Не мог я не вспомнить и труды немца Карла Вернике, который писал о сверхценных идеях, как об отдельном психическом расстройстве. Подобные идеи возникают, по его мнению, в результате реальных обстоятельств, но сопровождаются чрезмерным эмоциональным напряжением и преобладают в сознании над всеми остальными суждениями. По сути это род одержимости. Одной из таких сверхценных идей немецкий психиатр считал болезненную ревность, и, в отличие от психоневрозов, сверхценные идеи воспринимаются пациентами как нечто глубоко личное.
Немного спустя, когда я раздобыл изданный на гектографе томик той самой ужасной «Крейцеровой сонаты», – я полностью уверился в своей заключении. Описания ревности, мучившей главного героя, явно были взяты из личных переживаний: «…в это самое время ее свободы от беременности и кормления, в ней с особенной силой проявилось прежде заснувшее, женское кокетство. И во мне, соответственно этому, с особенной же силой проявились мучения ревности, которые, не переставая, терзали меня во все время моей женатой жизни, как они и не могут не терзать всех тех супругов, которые живут с женами, как я жил, то есть безнравственно».

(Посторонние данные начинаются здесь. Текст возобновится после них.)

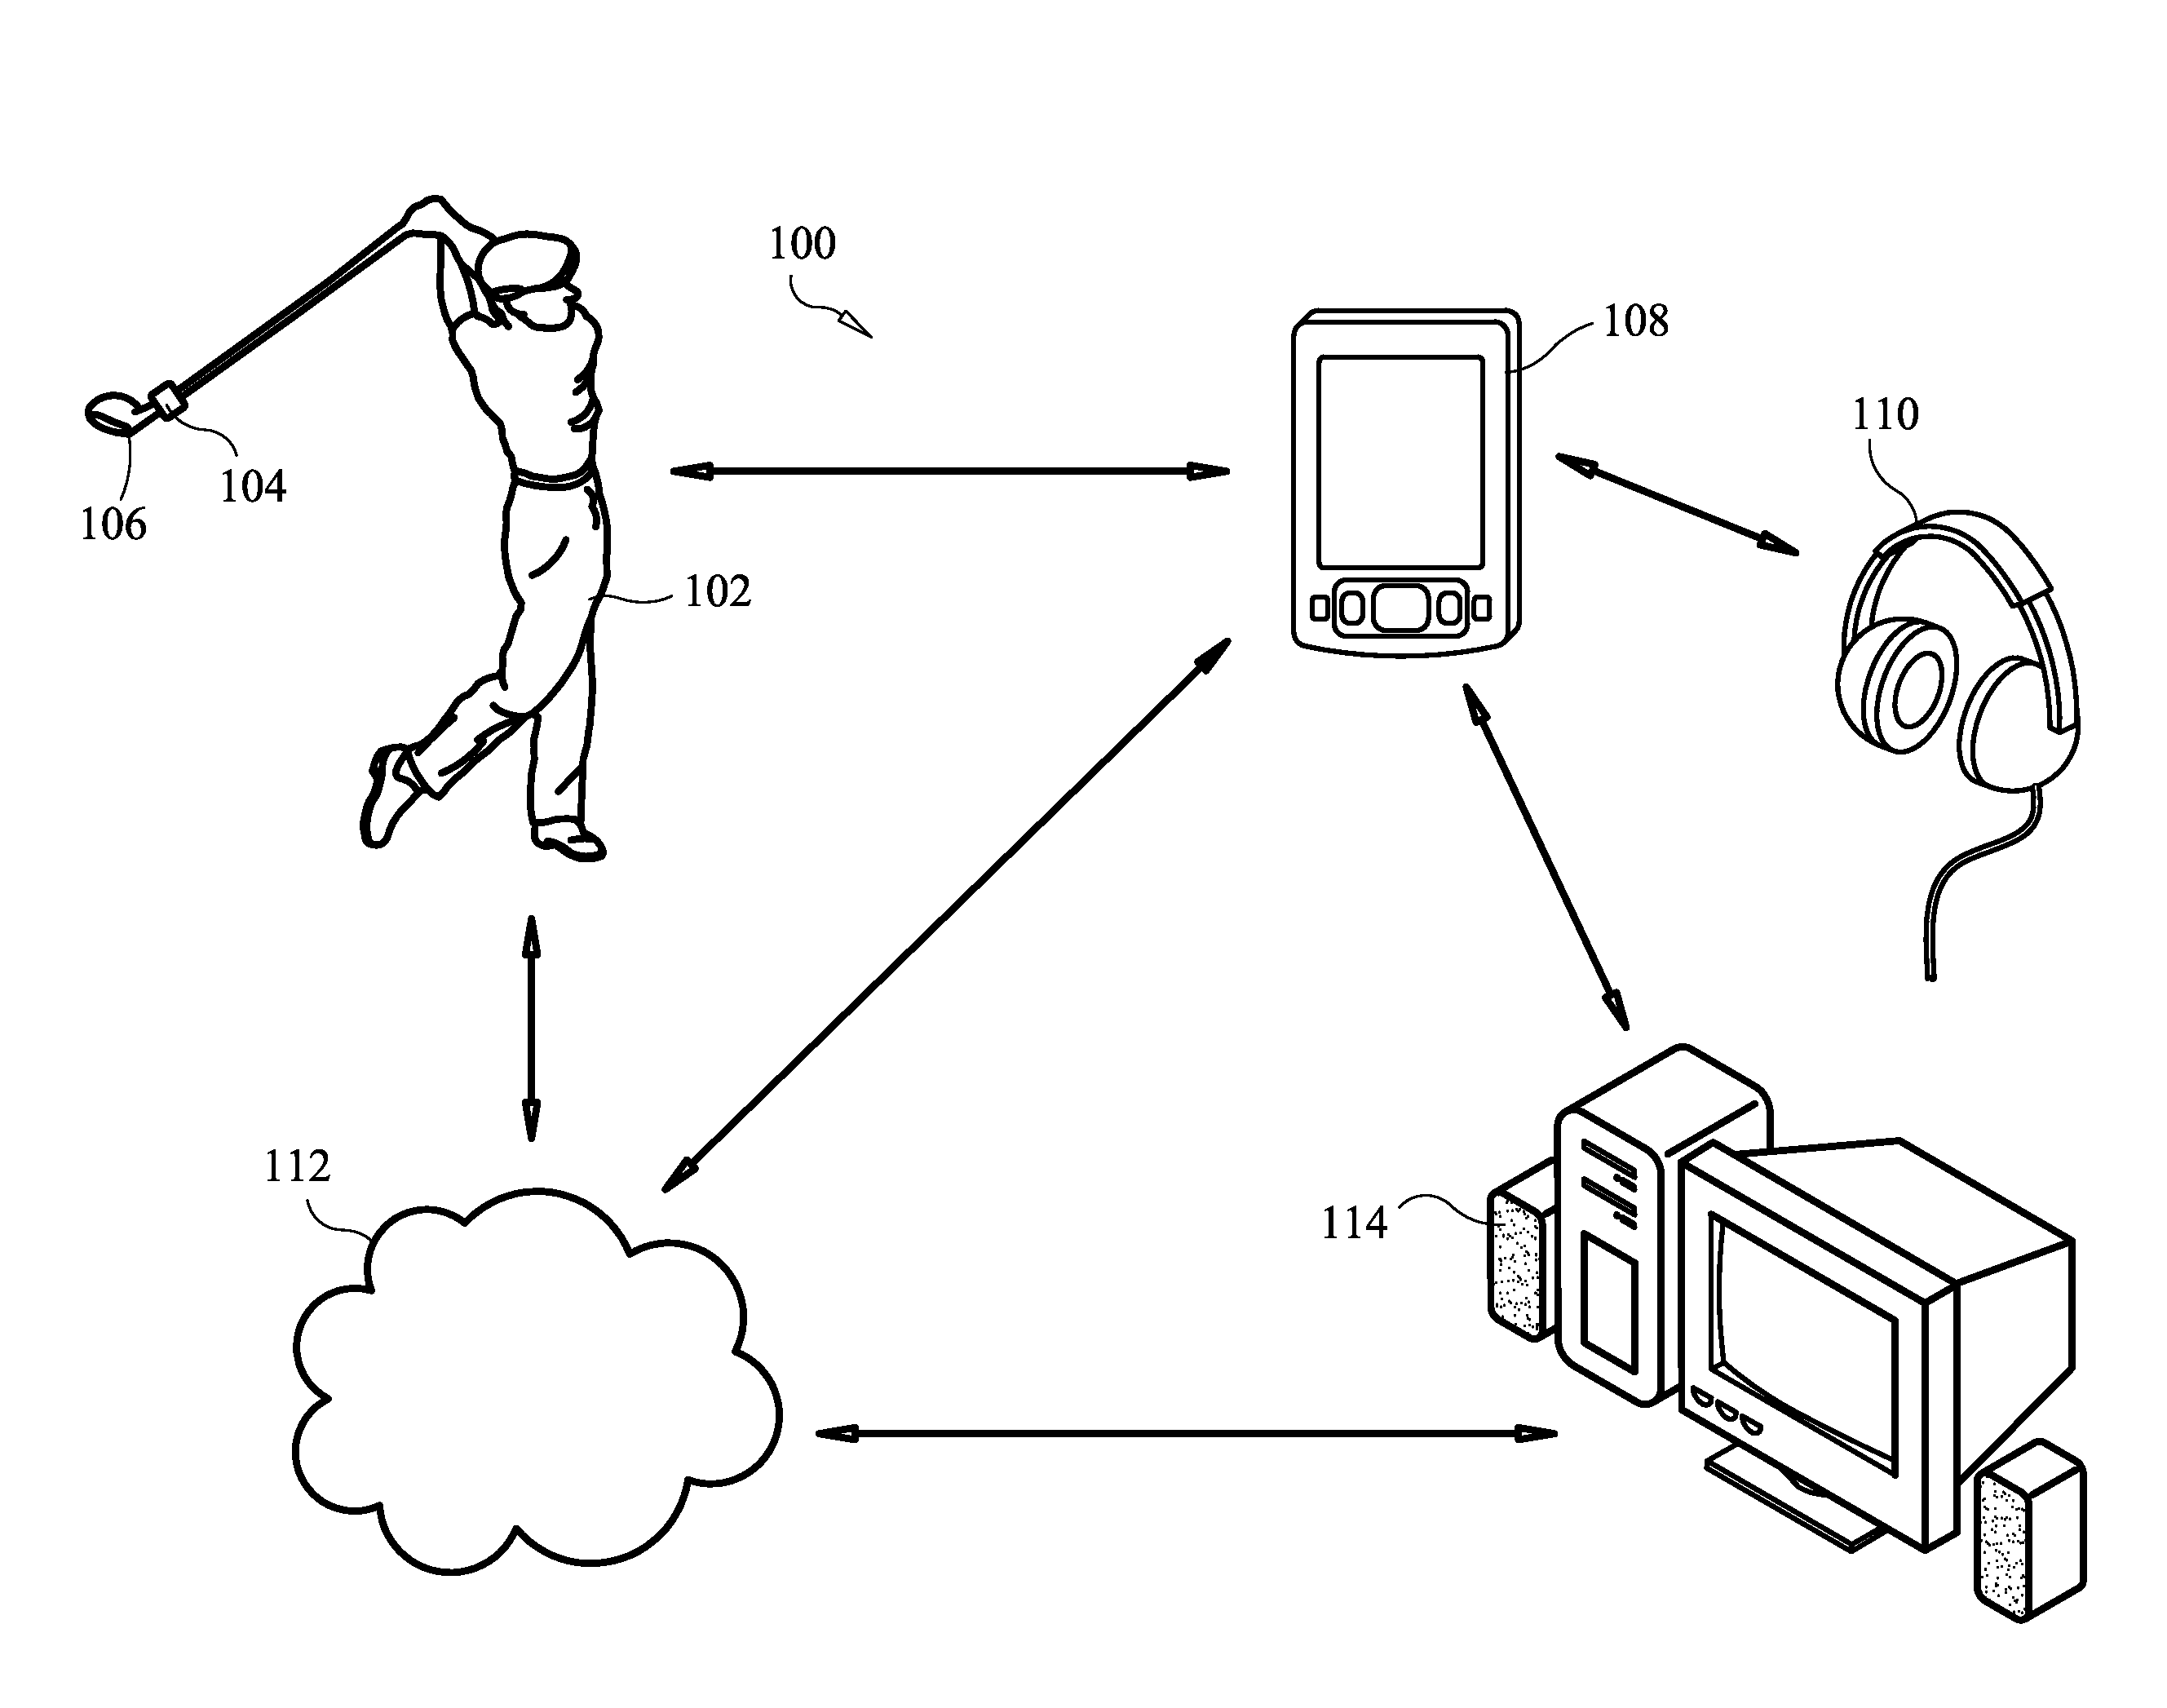 Systems and methods for measuring and/or analyzing swing information

«…Я во все время моей женатой жизни никогда не переставал испытывать терзания ревности. Но были периоды, когда я особенно резко страдал этим. И один из таких периодов был тот, когда после первого ребенка доктора запретили ей кормить. Я особенно ревновал в это время, во-первых, потому, что жена испытывала то свойственное матери беспокойство, которое должно вызывать беспричинное нарушение правильного хода жизни; во-вторых, потому, что, увидав, как она легко отбросила нравственную обязанность матери, я справедливо, хотя и бессознательно, заключил, что ей так же легко будет отбросить и супружескую, тем более, что она была совершенно здорова и, несмотря на запрещение милых докторов, кормила следующих детей и выкормила прекрасно».

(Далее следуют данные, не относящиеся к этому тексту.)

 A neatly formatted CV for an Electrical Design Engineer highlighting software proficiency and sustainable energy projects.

«…Но и не в этом дело. Я только говорю про то, что она прекрасно сама кормила детей, и что это ношение и кормление детей одно спасало меня от мук ревности. Если бы не это, все случилось бы раньше. Дети спасали меня и ее. В восемь лет у ней родилось пять человек детей. И всех, кроме первого, она кормила сама».
Из этих уже отрывков видно, как кошмарна была эта ревность, если супруг из боязни «женского кокетства», подавлял его сознательно беспрерывным материнством (беременность, кормление), ибо, по его признанию, – «ношение и кормление детей одно спасало меня от мук ревности». Каково же было его возмущение, когда «доктора эти милые» запретили ей кормить ребенка и тем лишили его спокойствия. Недаром он так презирал докторов! Ревность его чудовищна и, как увидим ниже, доходила у него до бредового экстаза. Этот бредовой экстаз развивался у него постепенно и особенно сильно, по-видимому, проявлялся в периоды сумеречных состояний. В «Крейцеровой сонате» он использовал этот комплекс переживаний, чтобы показать, как подобное сумеречное состояние может довести человека, страдающего бредом ревности, до убийства и самоубийства. Страшно подумать, что могло бы произойти, если бы писатель не сублимировал свои переживания, излив их на страницах книги.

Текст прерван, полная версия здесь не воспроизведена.